* _WHAT THIS TASK INVOLVES_
Without changing a word, repeat the data, and include no pictures.

* _DATA SECTION_
******************************

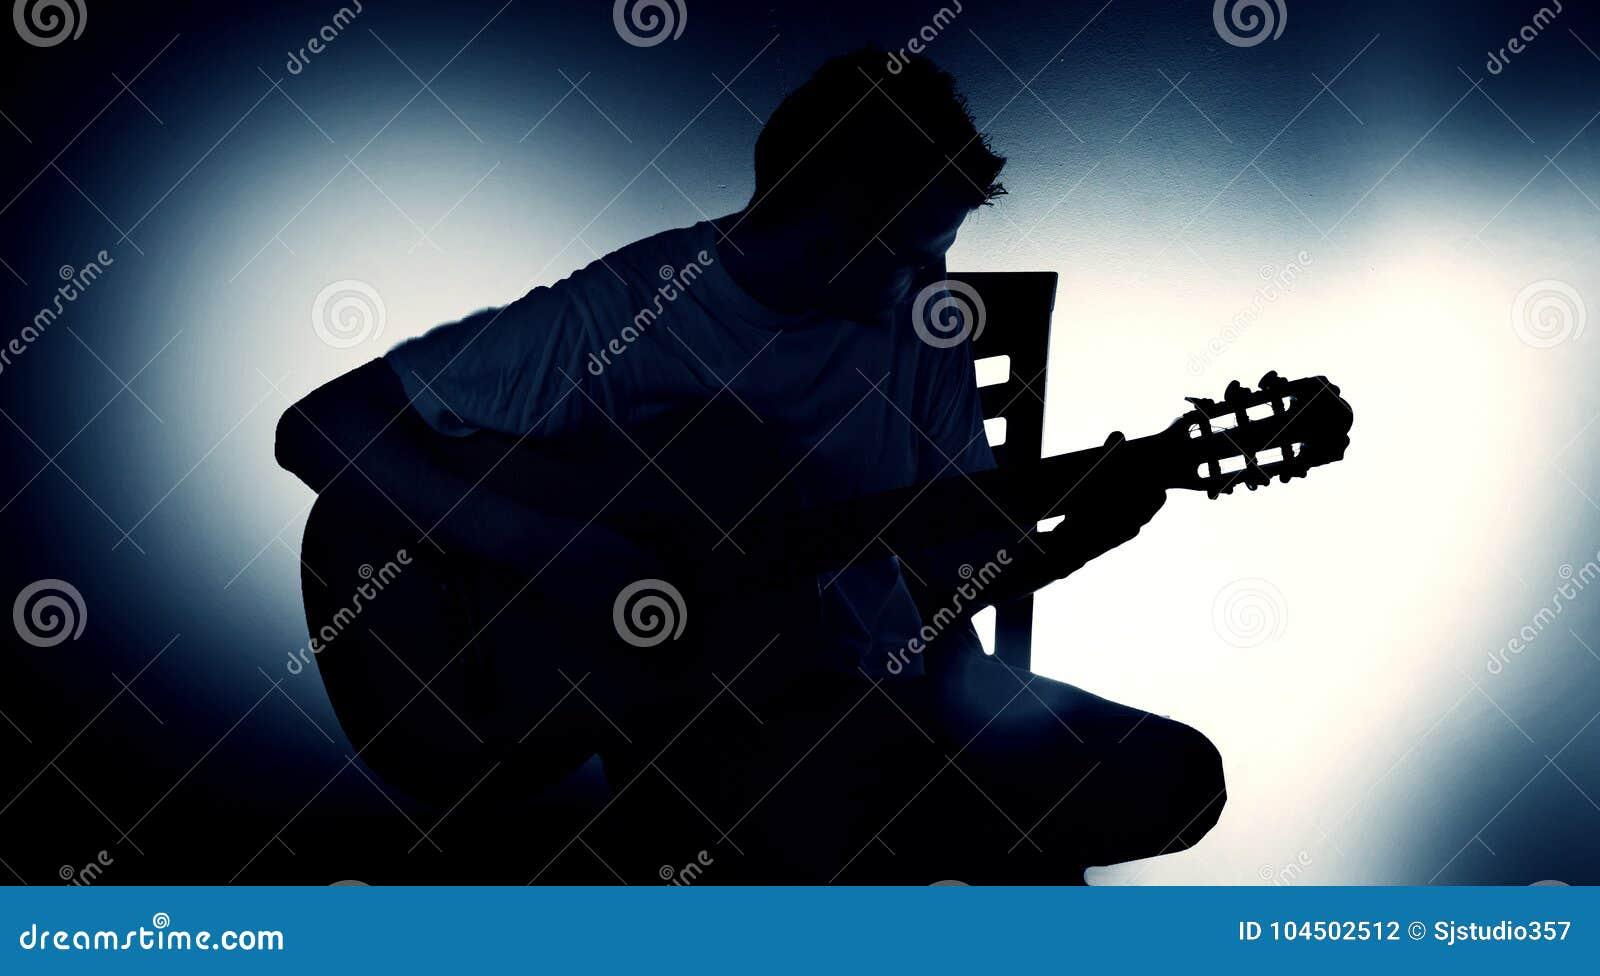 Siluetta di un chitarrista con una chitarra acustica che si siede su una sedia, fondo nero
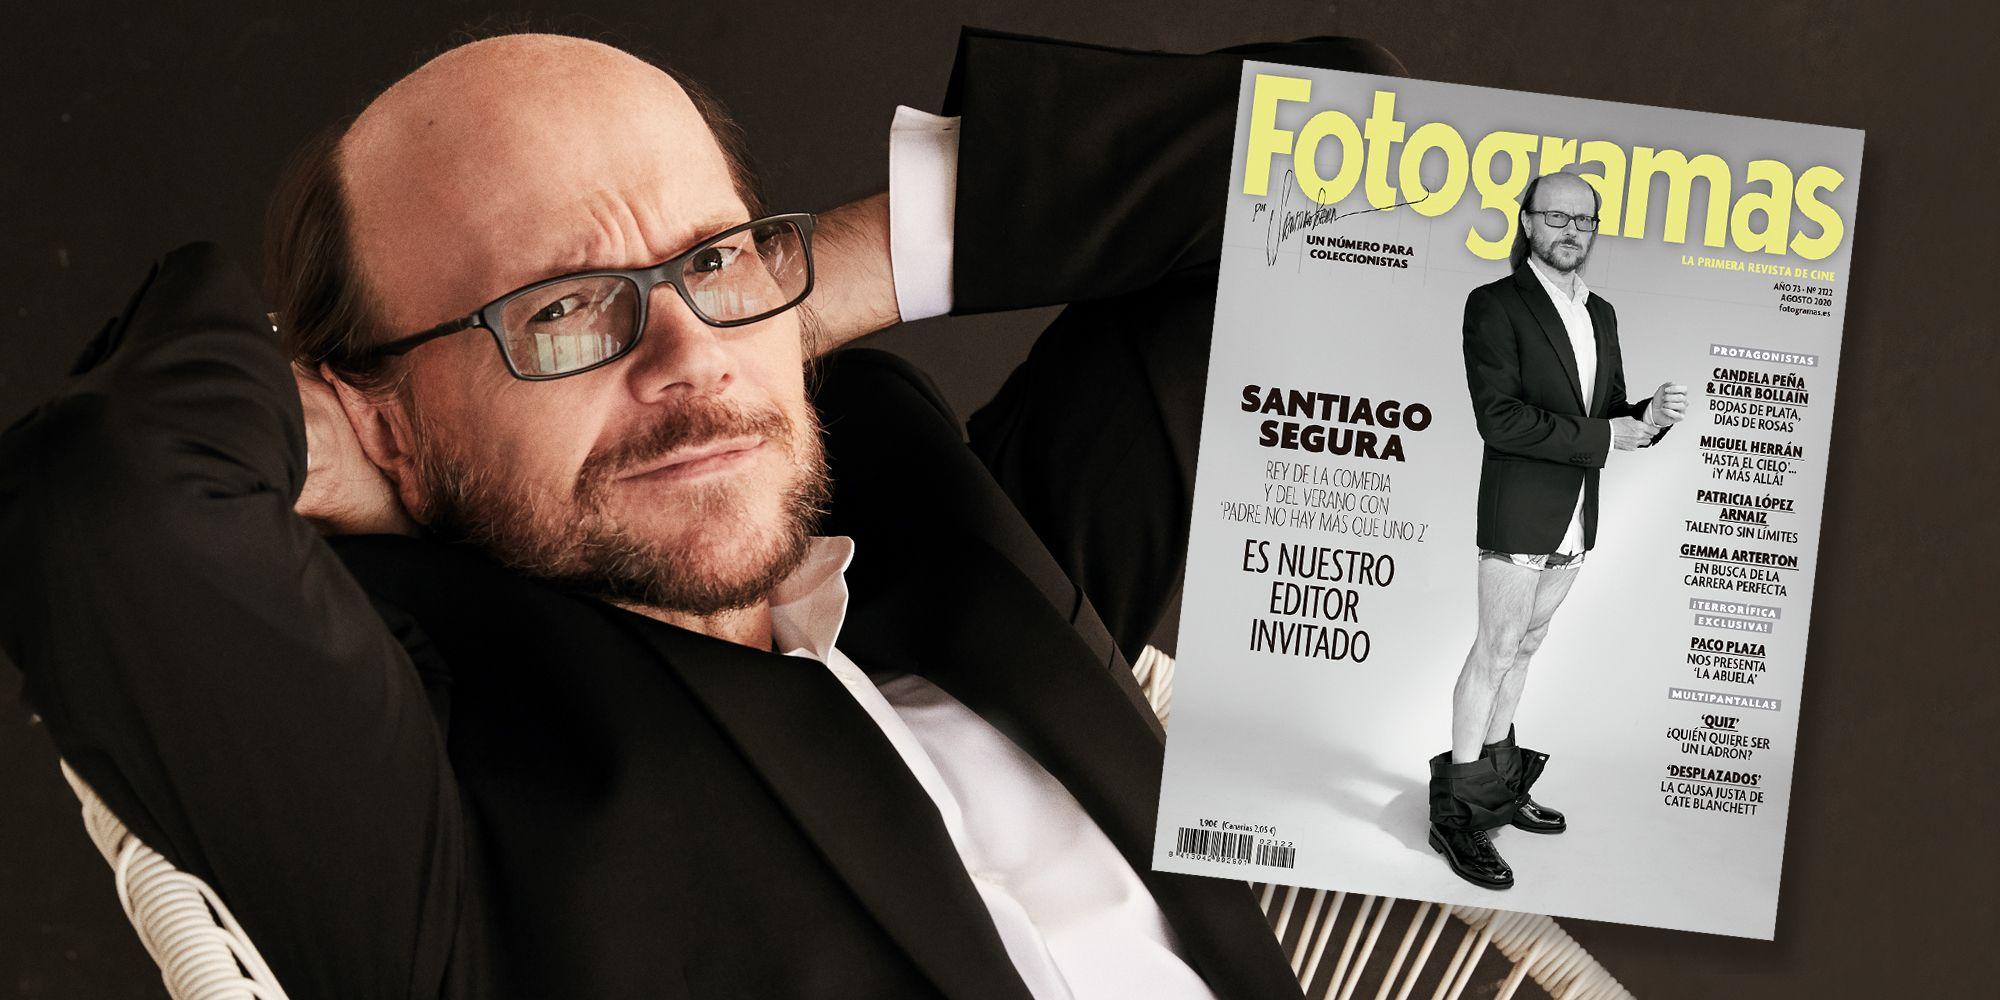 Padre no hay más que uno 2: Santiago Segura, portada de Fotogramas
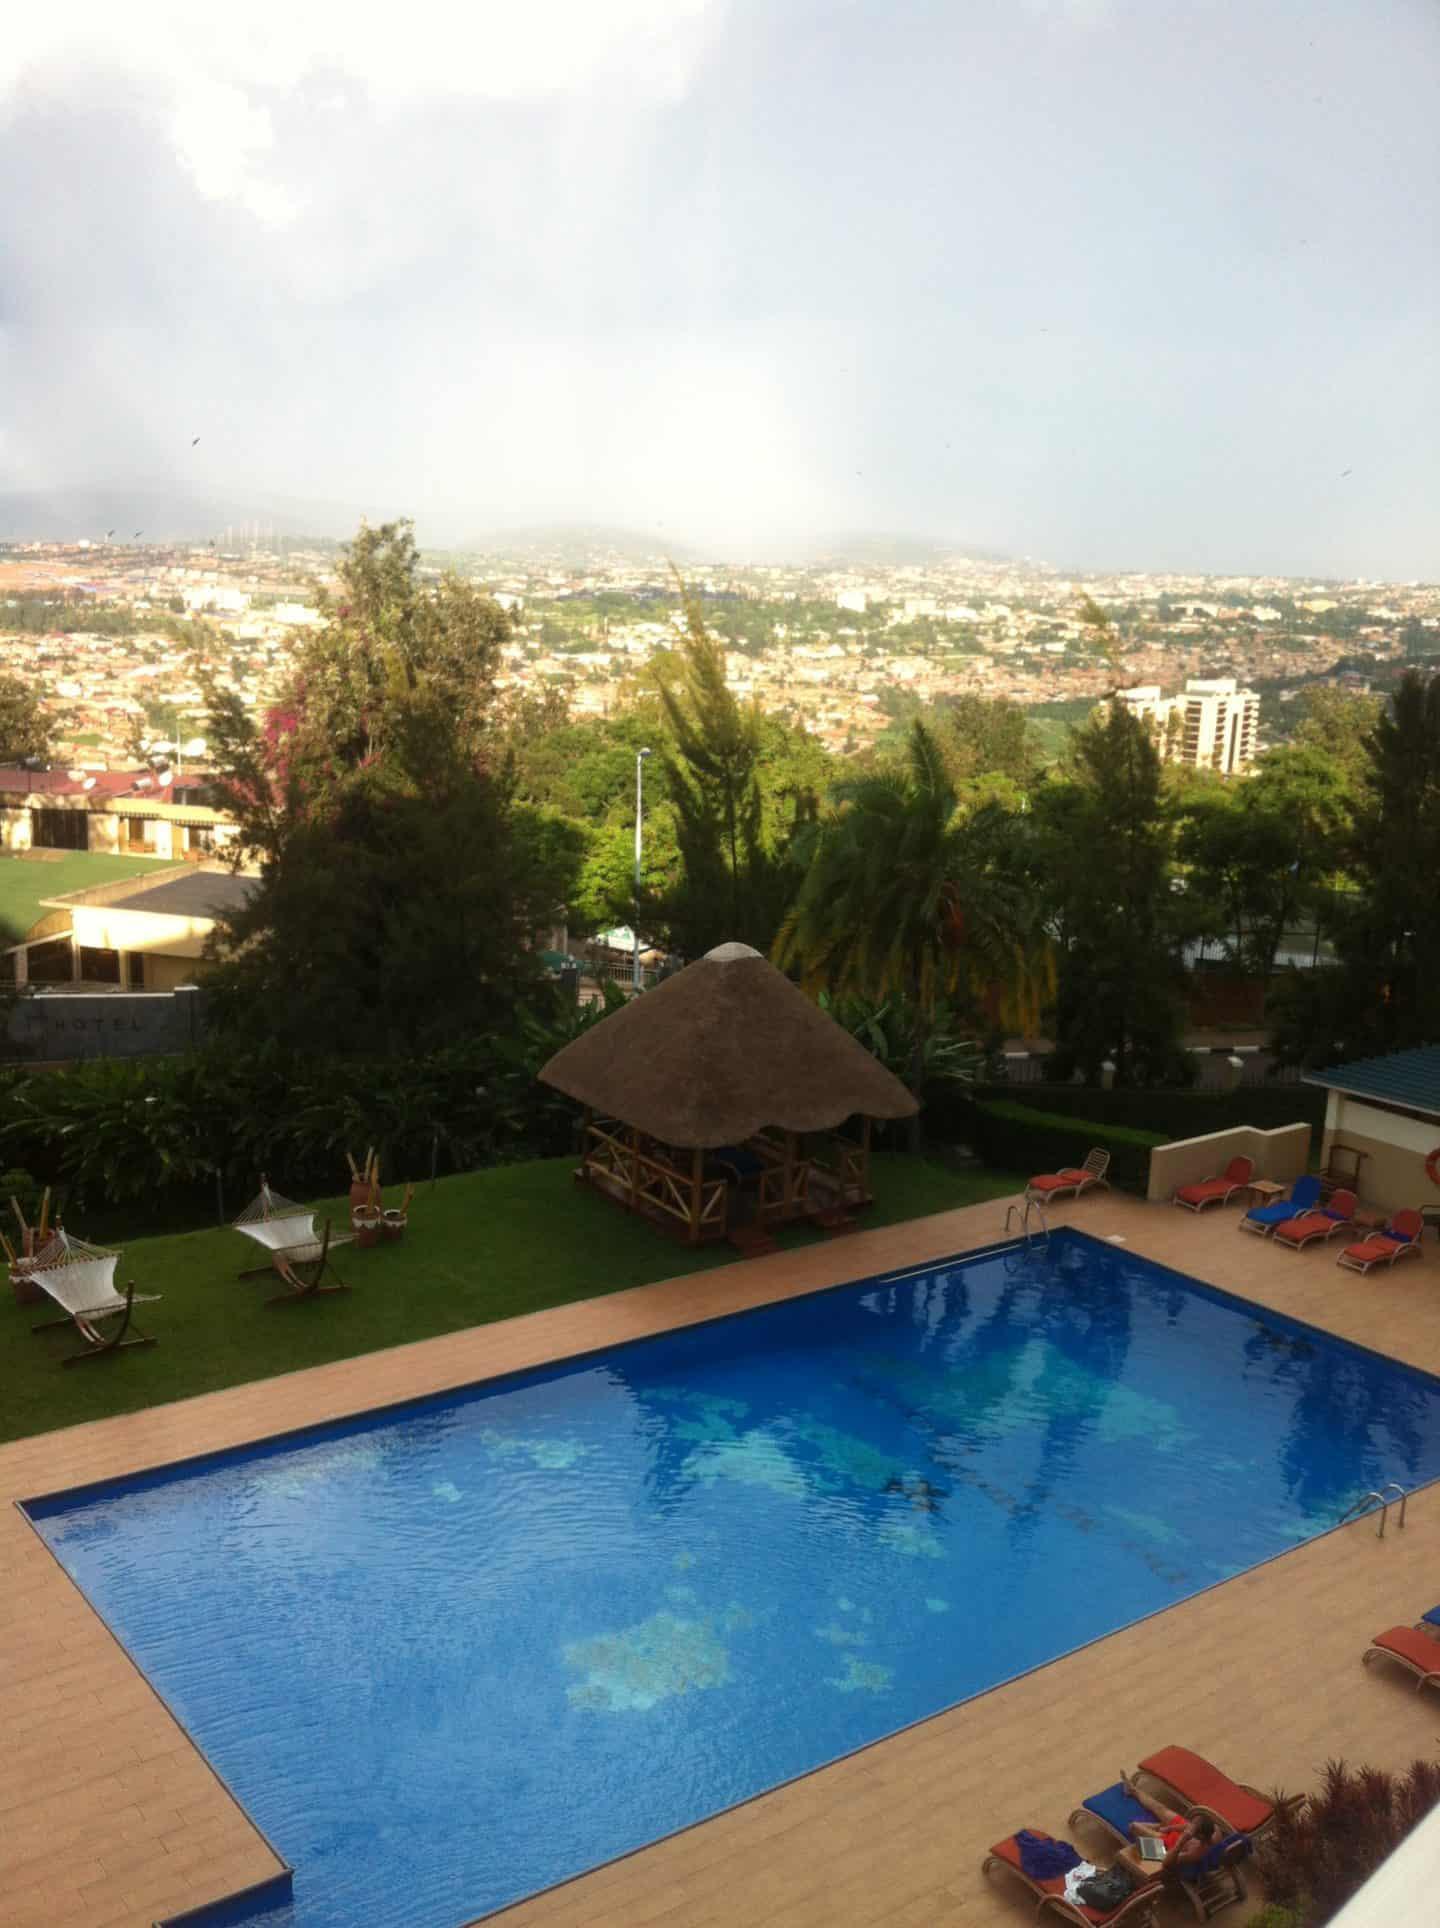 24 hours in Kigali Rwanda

******************************

* _RESULT FOR THIS EXERCISE_
 Siluetta di un chitarrista con una chitarra acustica che si siede su una sedia, fondo nero
 Padre no hay más que uno 2: Santiago Segura, portada de Fotogramas
 24 hours in Kigali Rwanda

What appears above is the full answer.